I spent the whole month of November 2025 in Brazil. There, I had unique access to researchers and practitioners who are shaping water-related futures. They are all intelligent, smart, somewhat idealistic people, hydrologists, ecologists, educators, conservationists. Between presentations and meetings, I photographed them as I would photograph people in the street: through gesture, atmosphere, vulnerability, and presence. I asked short, direct questions. Their answers were honest, unfiltered, sometimes painful.

 

  • A scientist confessed that reading new climate papers feels “like being punched in the stomach.”

  • Another said she “hides her despair from her students.”

  • A third told me he stays in science “only because walking away would feel like betrayal.”

 These are not statements of defeat. They are reflections of responsibility. They are what the ecological crisis looks like from within.

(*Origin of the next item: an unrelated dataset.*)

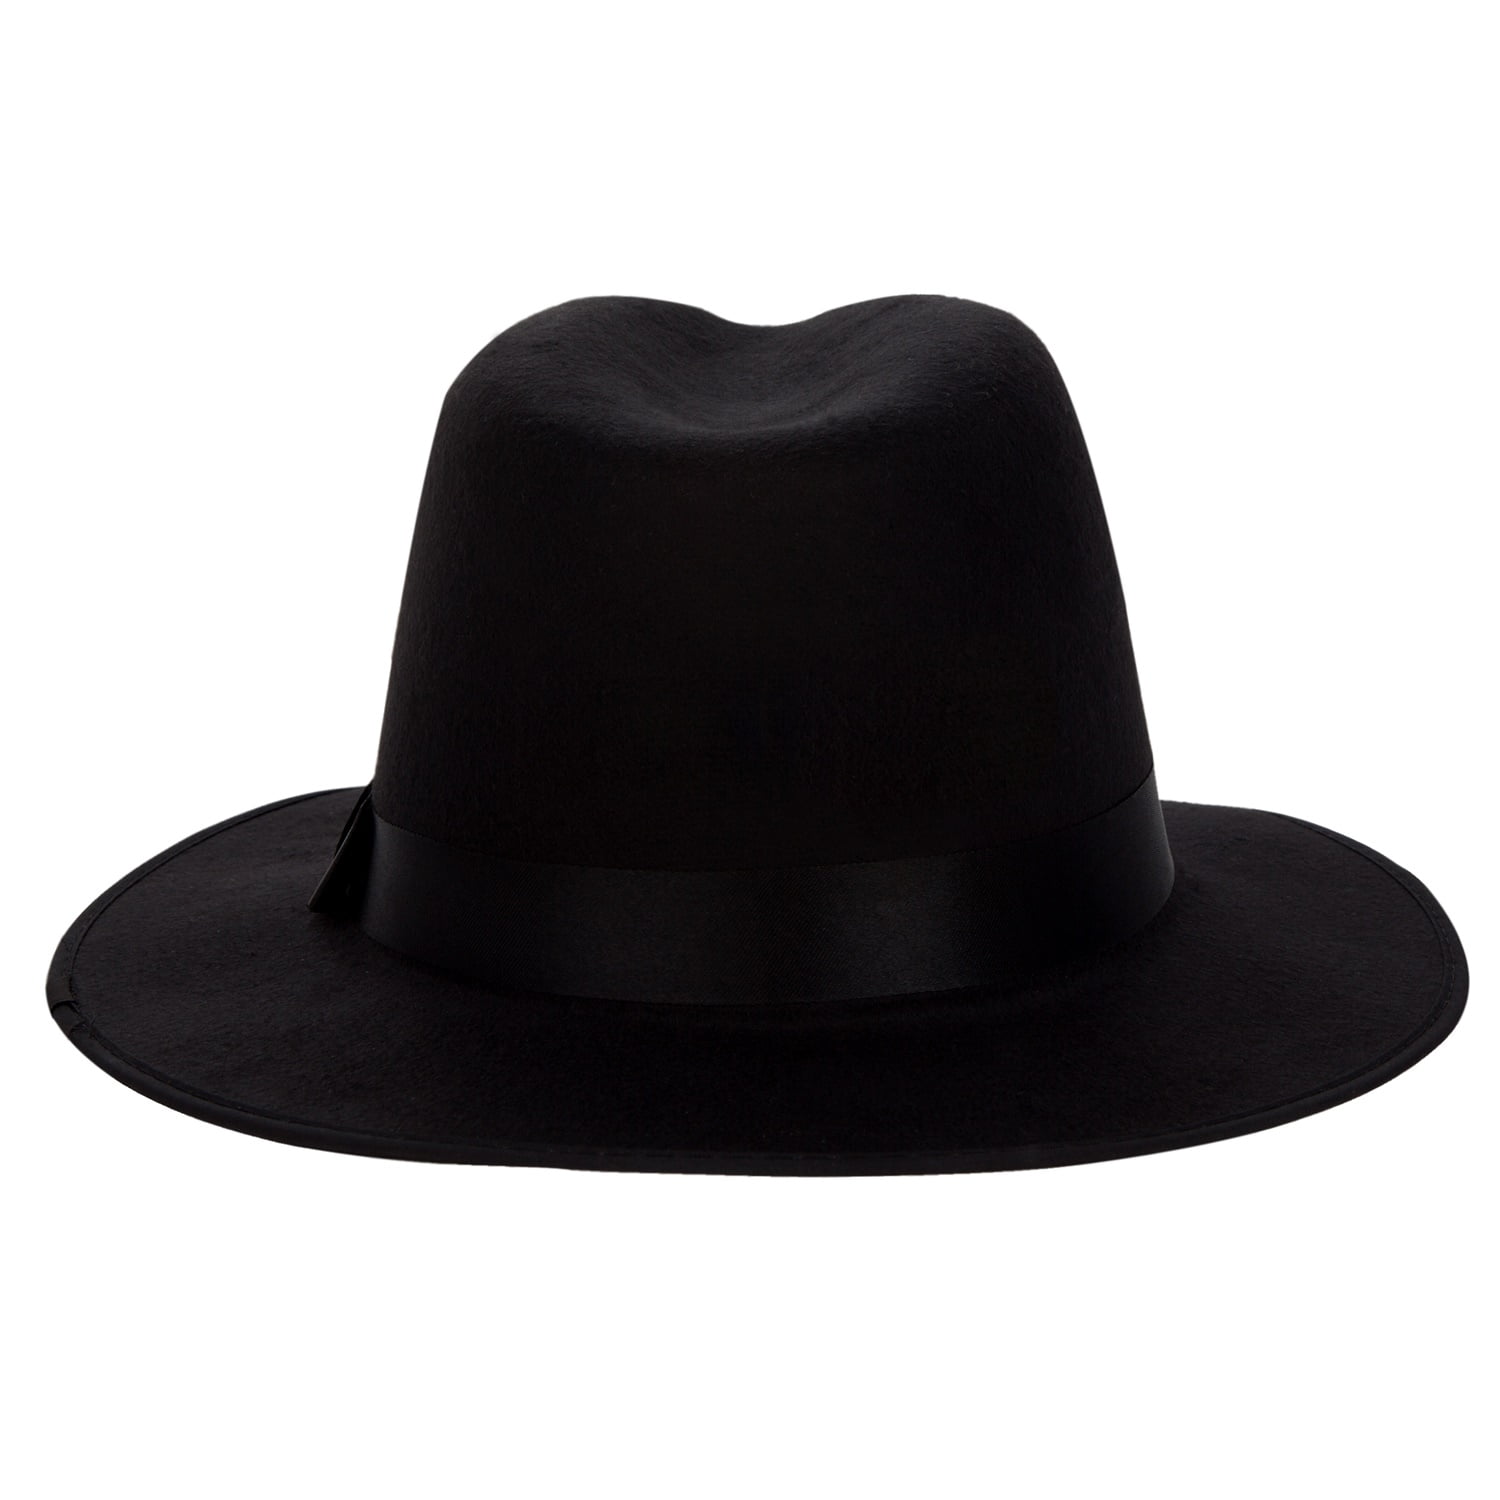 M Men's Black Wool Felt Wide Brim Safari Fedora Hat Cap Black

This project exposes the blindness of an establishment that lets the world decay for the benefit of a tiny, affluent elite. And this is precisely the kind of structural failure the SDGs were meant to confront.

 This is not a documentary series in the classic sense. It is a portrait project, intimate, psychological, made in collaboration with people who are carrying both scientific authority and emotional vulnerability. 

 I aim to show their integrity, their contradictions, their fatigue, their insistence on hope even when hope feels unreasonable.

 

The project is only at its beginning. Brazil is where it starts: the first portraits, the first fragments of interviews, the first attempt to give visual form to a crisis that is usually left outside the frame. In the coming months I will continue this work in Europe and beyond, creating a larger body of images and stories that will grow into a book and into exhibitions that invite the public to see the emotional dimension of scientific work. I am not walking this path alone. Two exceptional photographers support and challenge me: Lois Lammerhuber, who pushed me to take on this work, and Hans-Jürgen Burkard, who helps me see and photograph these scientists in the way they deserve.

 

The main idea is to show that behind every climate graph is a human being. Behind every dataset is someone who cares. And behind every scientific warning is a person who has felt, in their own body, what is at stake.

 

This project is a tribute to those people.

  • To the scientists who stay.

  • To the ones who doubt but continue.

  • To the ones who carry responsibility heavier than their institutions admit.

 Academic Solastalgia begins here, with these first portraits from Brazil, an attempt to show the quiet, resilient humanity at the frontline of the ecological crisis.